Chi-Square Inspection and R language Realization _ card square test and R language implementation

The chi-square test is the deviation between the actual observed value and the theoretical inference value of the statistical sample. The deviation between the actual observation value and the theoretical inference value determines the size of the card square value, the larger the card square value is, the more it does not conform; the smaller the value of the card, the smaller the deviation, the more consistent, if two values are exactly equal, the card square value is 0, Indicates that the theoretical value is in full conformity. Note: The card side test is for the classification variable. (1) put forward the original hypothesis: H0: The distribution function of the total x is f (x). If the overall distribution is discrete, the assumption is H0: The distribution law of the total X is P{x=xi}=pi, i=1,2, ... (2) Dividing the range of total X into K-disjoint a1,a2,a3,...,ak, such as the Desirable a1= (a0,a1],a2= (a1,a2],...,ak= (Ak-1,ak), where A0 desirable-∞,ak desirable +∞, and the division of intervals depending on the specific circumstances, But to make each small interval contains the number of samples is not less than 5, and the interval number k not too big nor too small. (3) The number of the sample values of AI that falls into the first small interval is recorded as FI, which becomes the group frequency (true Value), and the sum of the frequencies of all groups is equal to the F1+F2+...+FK of the sample size n. (4) When the H0 is true, according to the assumption of the overall theoretical distribution, can calculate the value of the total X into the first small section ai probability pi, so, the NPI is falling into the first small interval AI sample value of the theoretical frequency (theoretical value). (5) When the H0 is true, the frequency fi/n of the sample value falling into the first small interval ai and the probability pi should be very close, when the H0 is not true, fi/n and pi differ greatly. Based on this idea, Pearson introduces the following test statistic =k, and obeys the k-1 distribution of the DOF under the condition of 0 hypothesis.

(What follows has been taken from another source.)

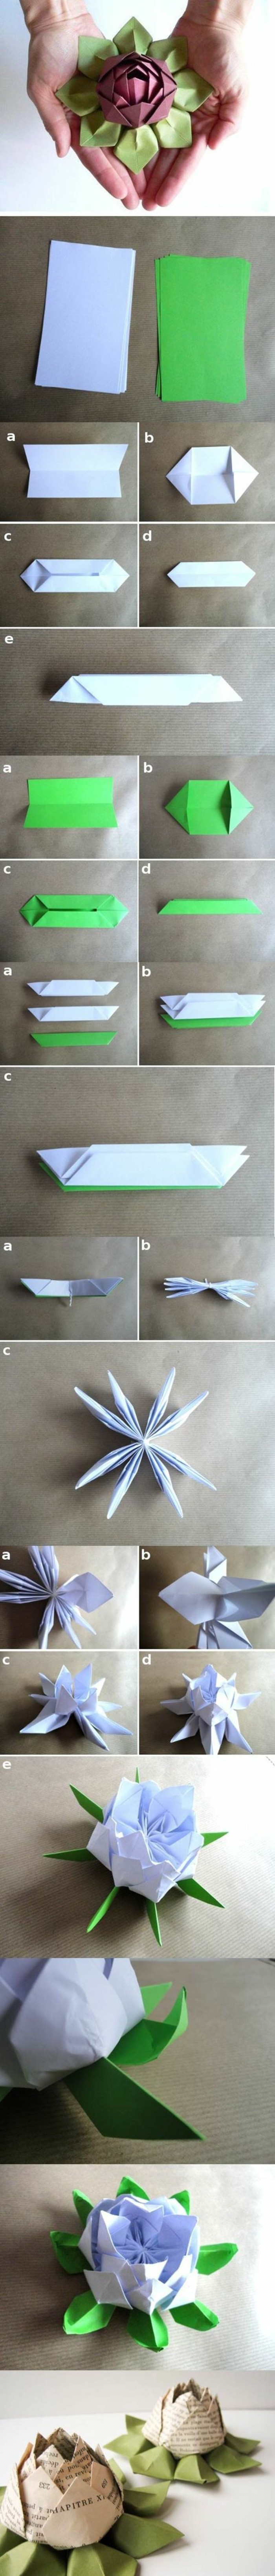 Origami Rose instrucción de origami plegado de flores plegable técnica de Origami

Determine whether there are significant differences among enthusiasts for 5 brands of beer: > X<-c (210, 312, 170, 85, 223)
> Chisq.test (X)--card-side inspection
Chi-squared test for given probabilities
Data:x
x-squared = 136.49, df = 4, P-value < 2.2e-16


The larger the P value, the stronger the evidence that supports the original hypothesis, given the significant level alpha, and the rejection of the original hypothesis when the P value is less than alpha.